Сапожная мастерская помещалась в подвале старого деревянного дома. Она состояла из двух комнат - в одной была мастерская, а в другой жил сам хозяин. Мастерская освещалась всего двумя маленькими оконцами, выходившими на улицу. Эти окна лежали вровень с землей и давали слишком мало света.
Старый подмастерье, отставной солдат Кирилыч, и днем работал с огнем. Перед ним стояла всегда жестяная лампочка, свет которой пропускался сквозь стеклянный шар с водой, заменявший увеличительное стекло. Кирилыч страдал глазами и плохо видел. Кроме него, были два ученика-подростка, лет по пятнадцати - рыжий Ванька и кривой Петька. Кирилыч всегда был мрачен, любил вздыхать и думать вслух. У него всегда были наготове какие-то сердитые мысли, которыми он точно стрелял в неизвестного врага. Ванька и Петька отличались веселым характером, любили подраться и вообще что-нибудь поозорничать. Одеты они были, как все сапожные ученики, в грязные рубахи, опорки и грязные фартуки когда-то белого цвета. Для своих лет оба были слишком малы ростом и казались гораздо моложе. Испитые зеленые лица говорили о многолетнем сиденье в подвале.
В первую минуту, когда Сережка проснулся, он спал на лавке, он долго не мог сообразить, где он.

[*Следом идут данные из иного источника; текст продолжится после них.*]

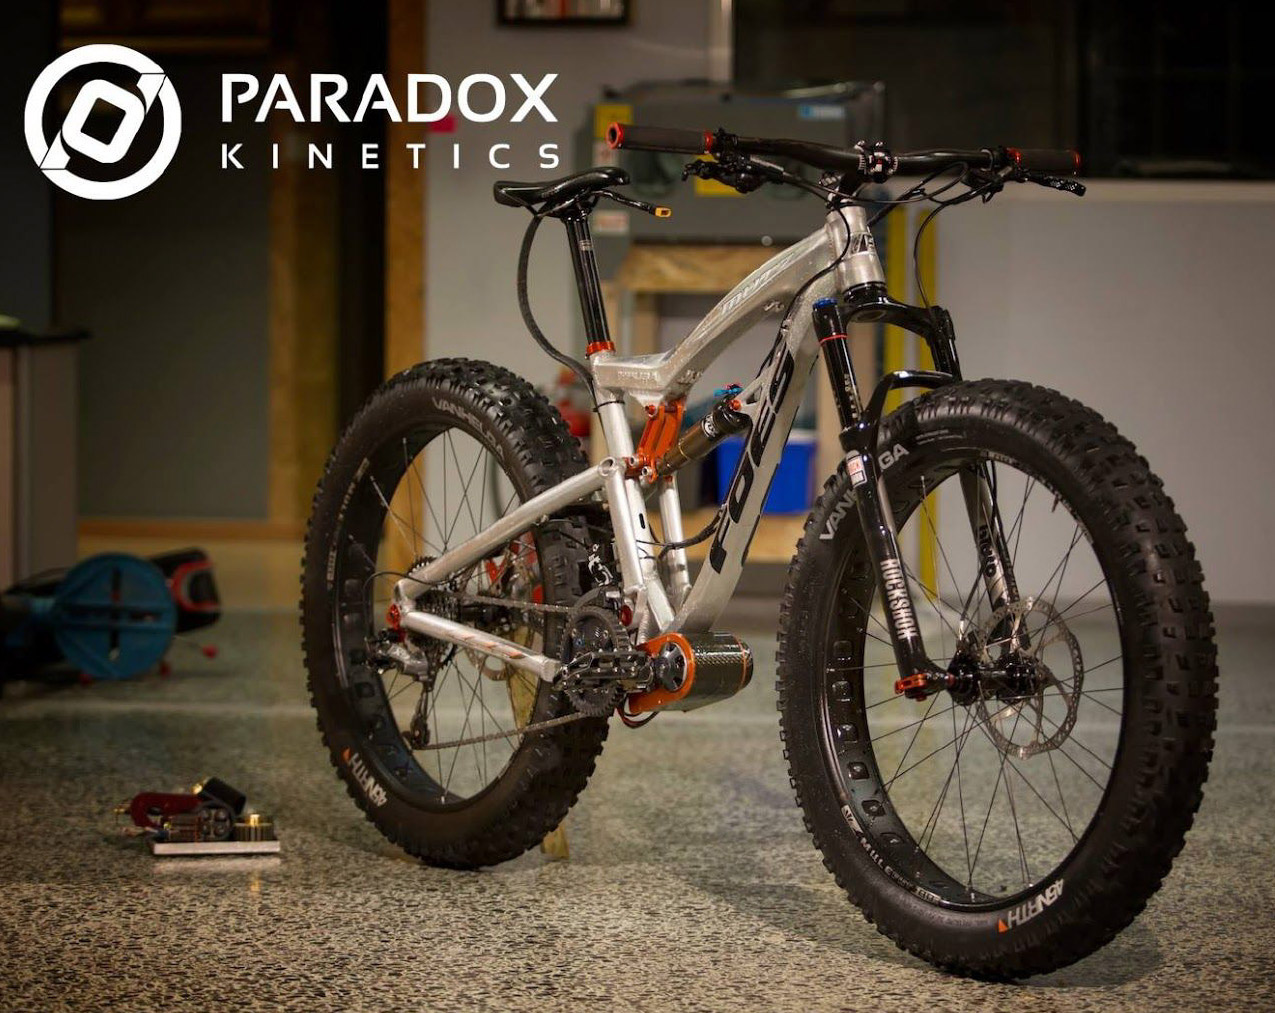 paradox-kinetics_bike_3a-1.jpg
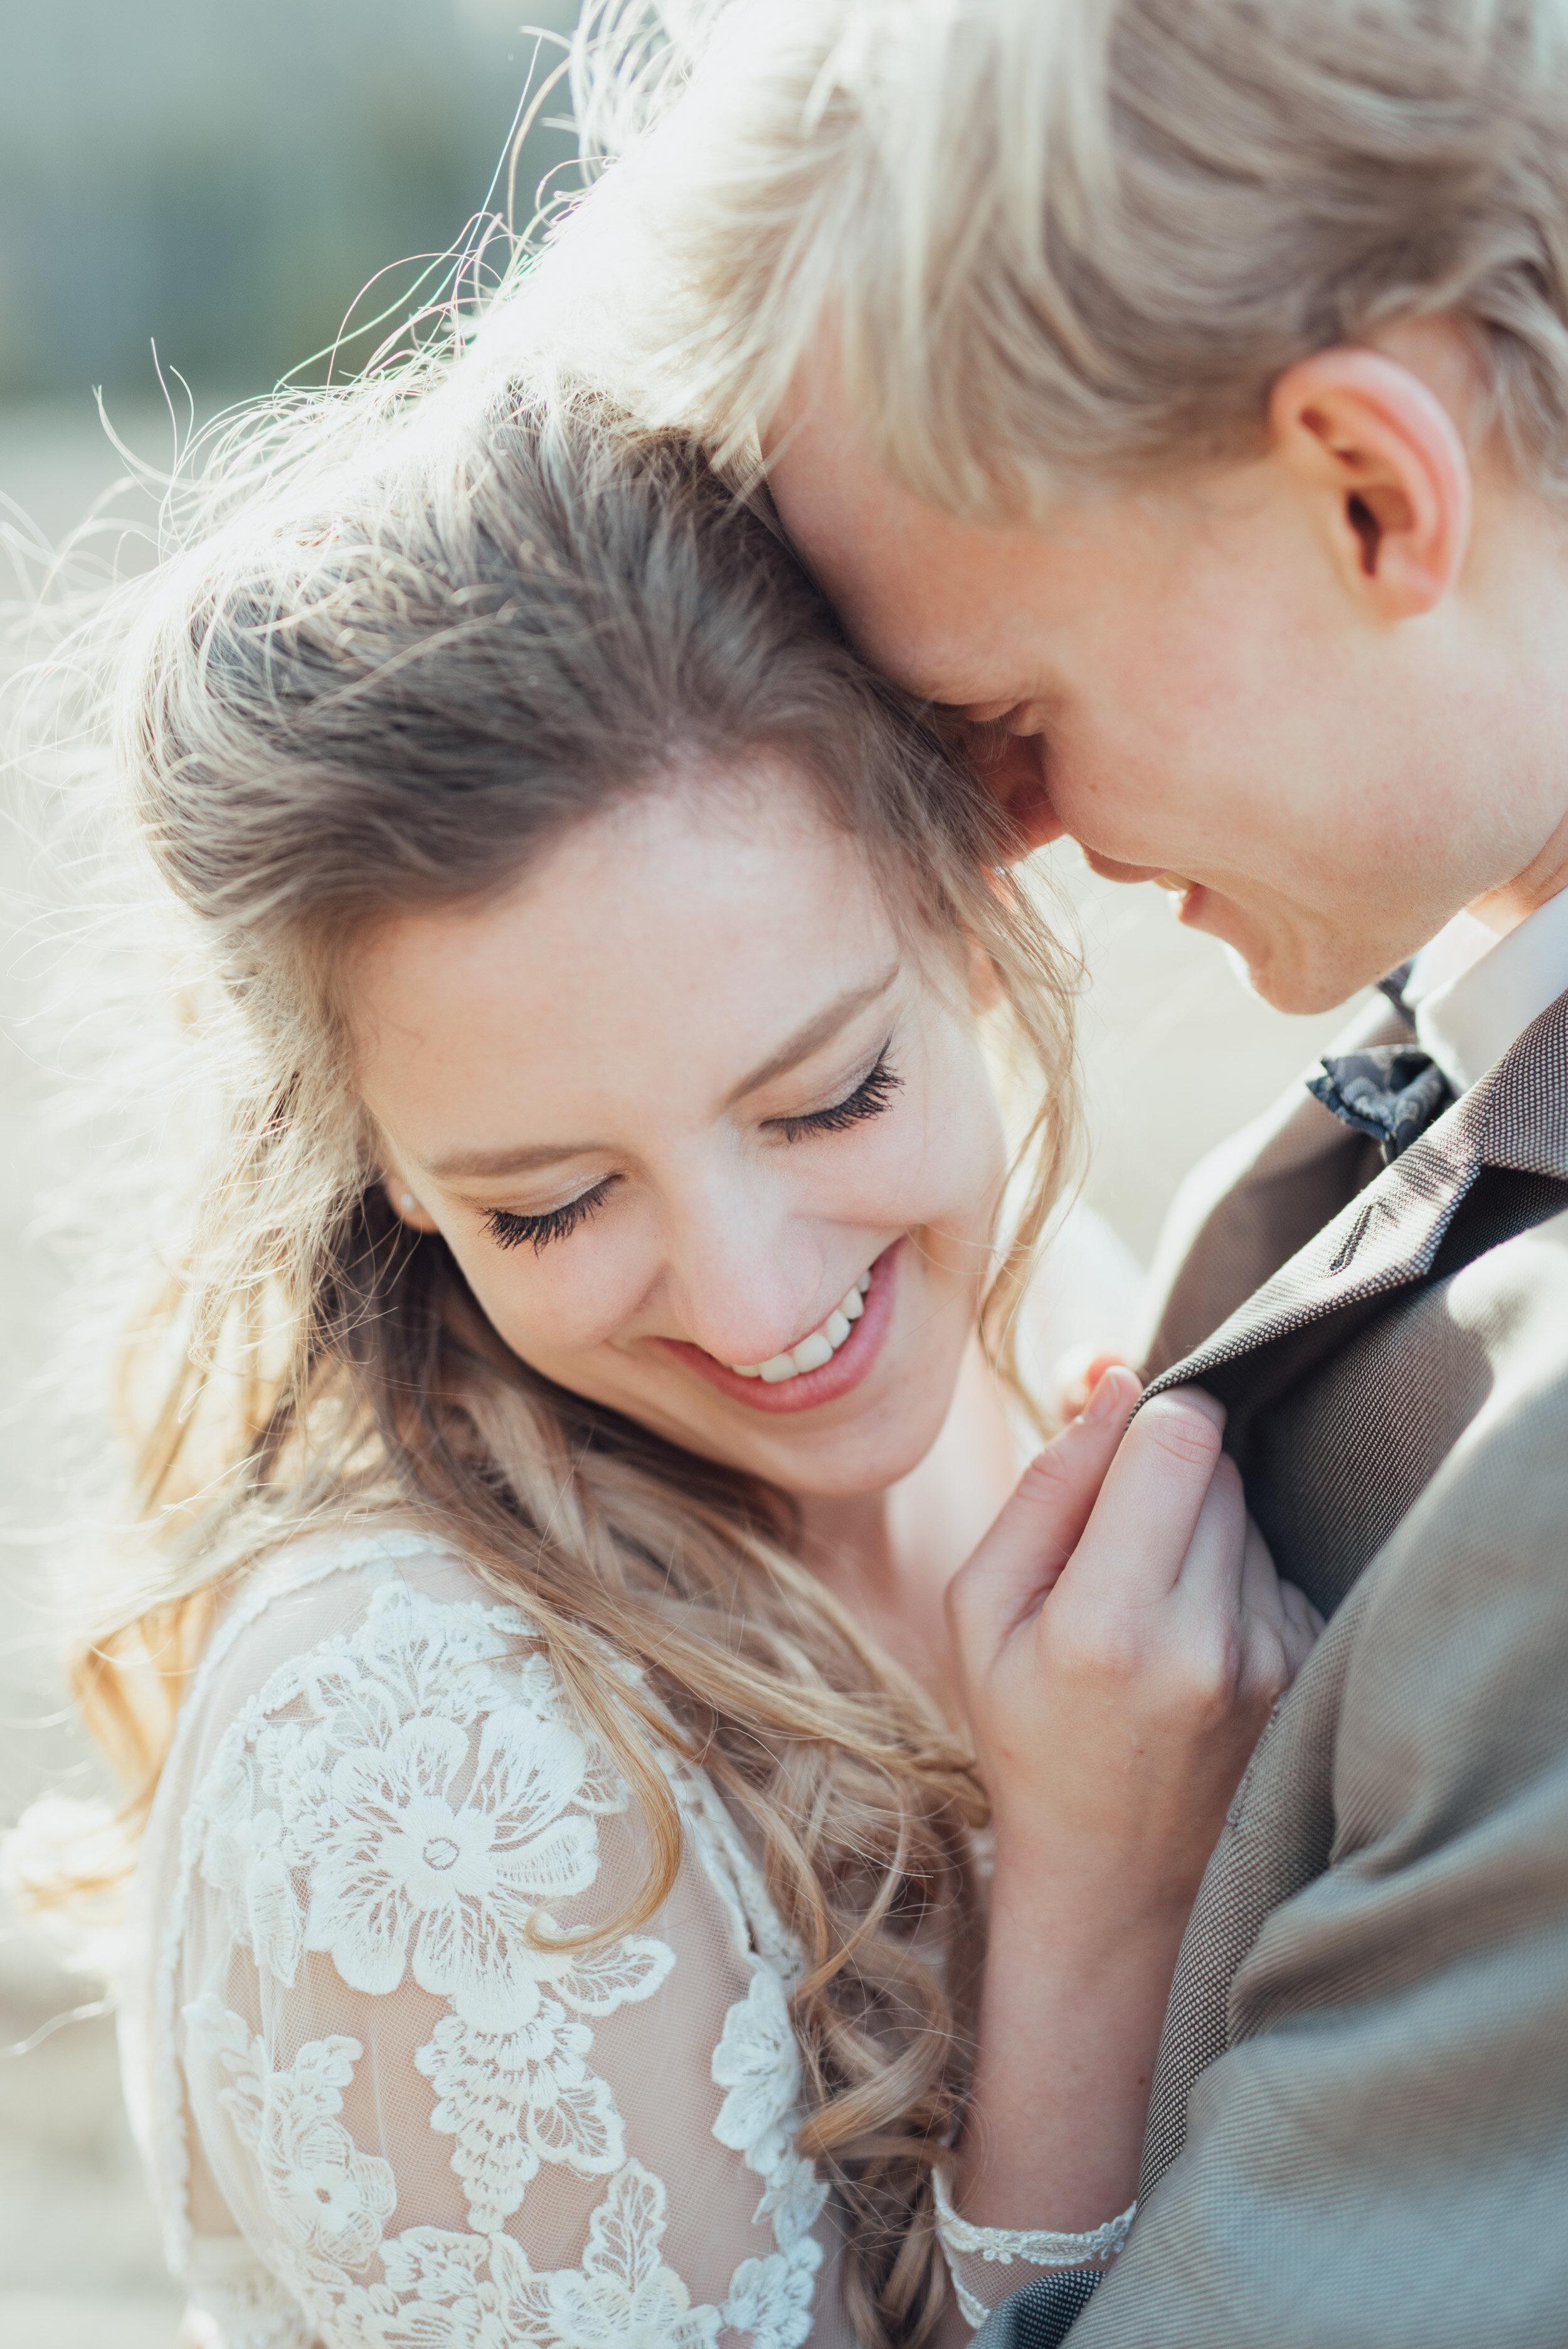 cleland-fine-art-wedding-photography-18.jpg

Было еще темно, но рабочие сидели уже вокруг низенького столика и работали. Сережка видел только согнутую спину Кирилыча, а из-за нее смотрели на него Петька и Ванька.
- Проснулся, деревенский пирожник, - проговорил рыжий Ванька и фыркнул.
Кривому Петьке тоже понравилось это прозвище, хотя оно и было придумано без всяких оснований. Петька тоже фыркнул. Конечно - пирожник, настоящий деревенский пирожник!.. По этому случаю кривой Петька даже ткнул рыжего Ваньку в бок кулаком, и обоим сделалось ужасно смешно. Кирилыч сурово посмотрел на них поверх круглых очков в медной оправе и проговорил:
- Вы-то чему обрадовались? Хозяйское дело: кого хочет, того и берет. На то он и хозяин... да. Будь я хозяин - кто мне может указать? Что захотел, то и сделал... Я, напримерно, главный подмастерье и тоже но своей части что захочу, то и сделаю.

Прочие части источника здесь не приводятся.